• _RECORDED INFORMATION_
####
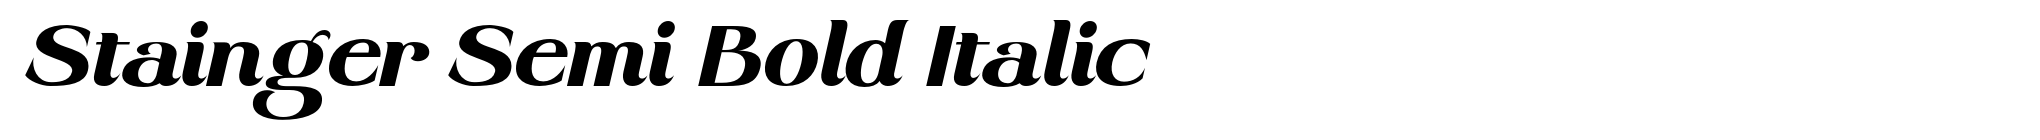 Stainger Semi Bold Italic image
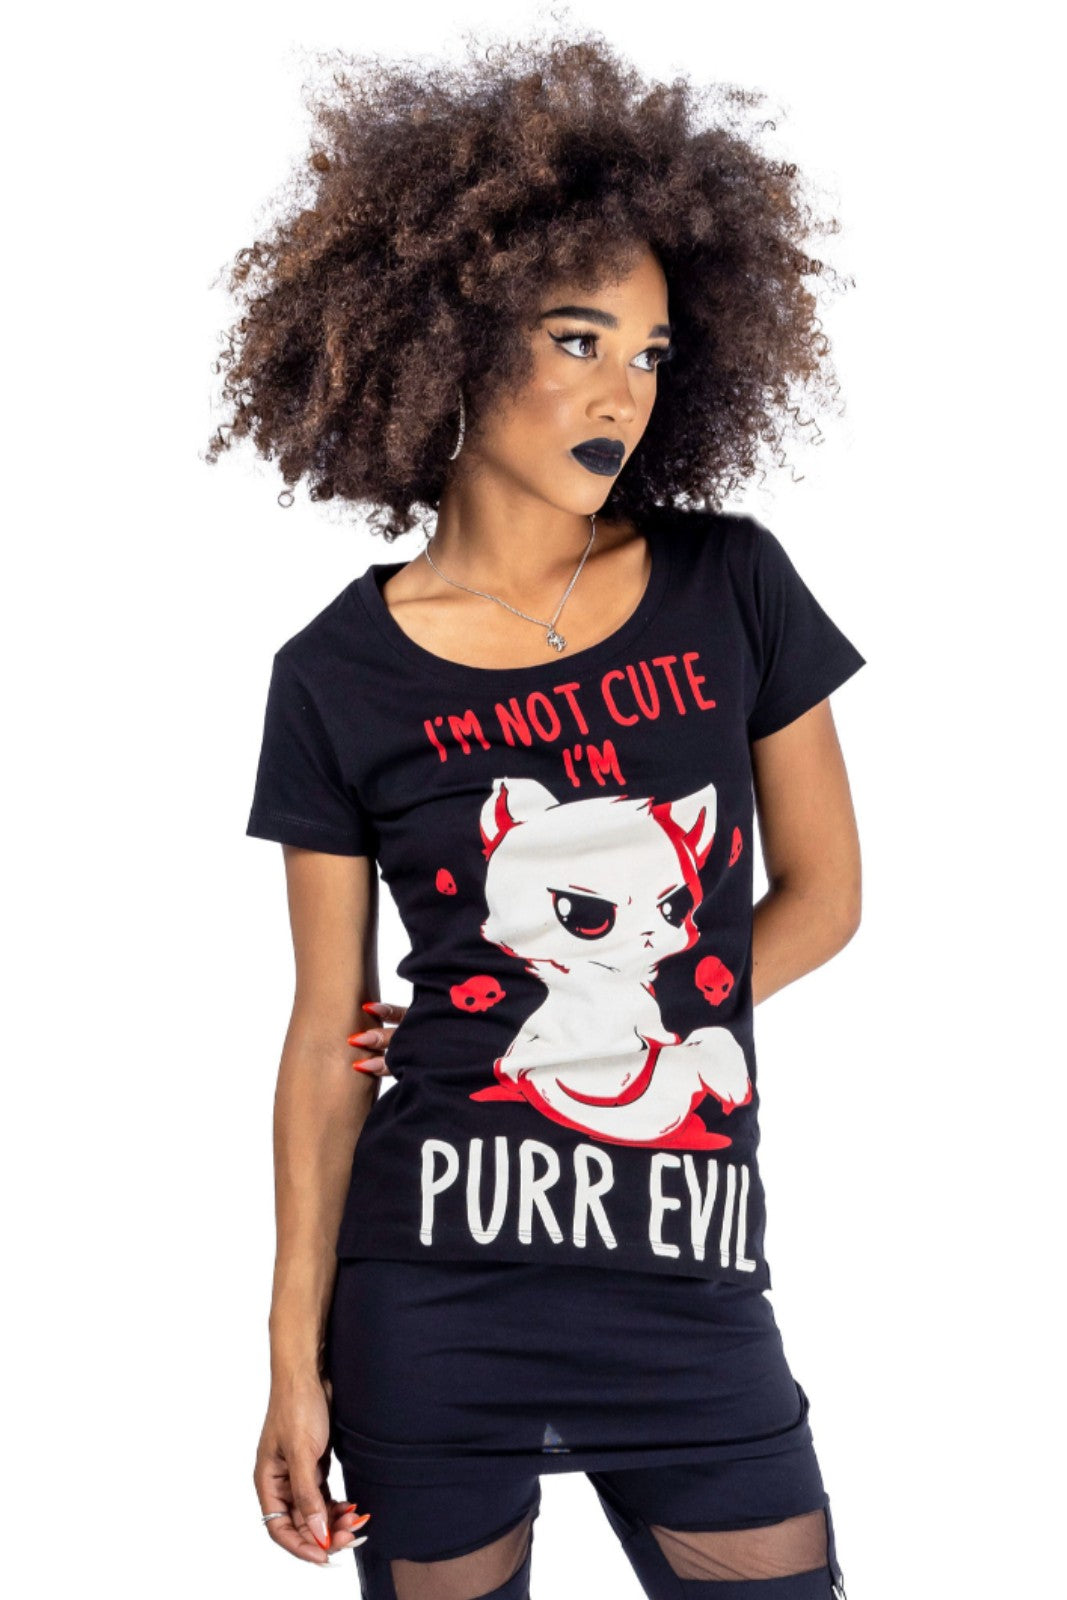 Cupcake Cult Purr Evil Goth Punk T-shirt
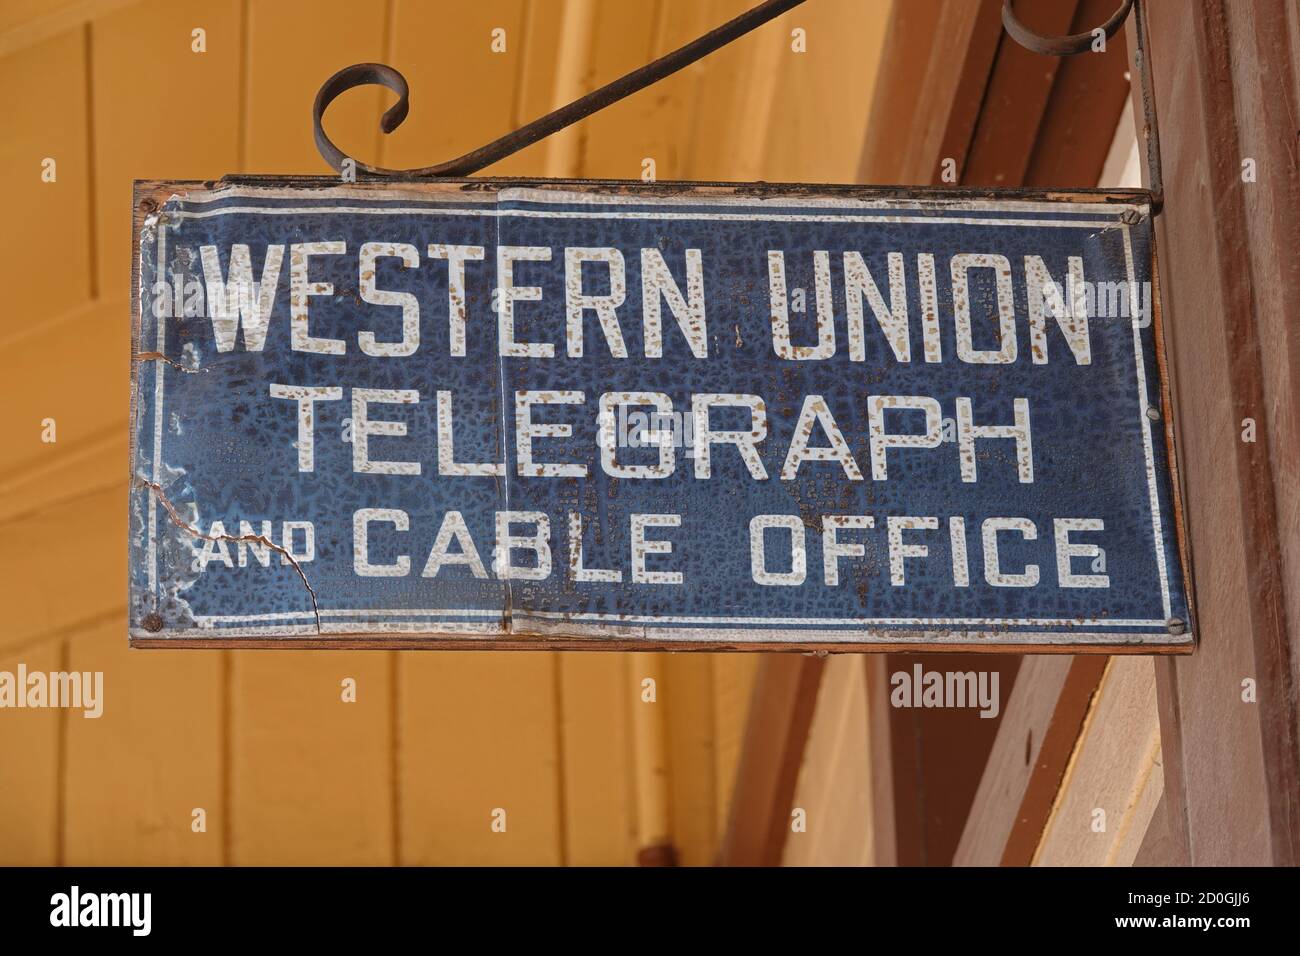 Santa Susana, CA / USA - 15. Juli 2020: Ein Western Union Telegraph und Cable Office Vintage-Schild hängt vor einem erhaltenen Bahnhof in Kalifornien. Stockfoto
####
• _TASK INSTRUCTIONS_
What is needed is an exact copy of all the data, with no images in it.

• _PROBLEM SOLUTION_
 Stainger Semi Bold Italic image
 Cupcake Cult Purr Evil Goth Punk T-shirt
 Santa Susana, CA / USA - 15. Juli 2020: Ein Western Union Telegraph und Cable Office Vintage-Schild hängt vor einem erhaltenen Bahnhof in Kalifornien. Stockfoto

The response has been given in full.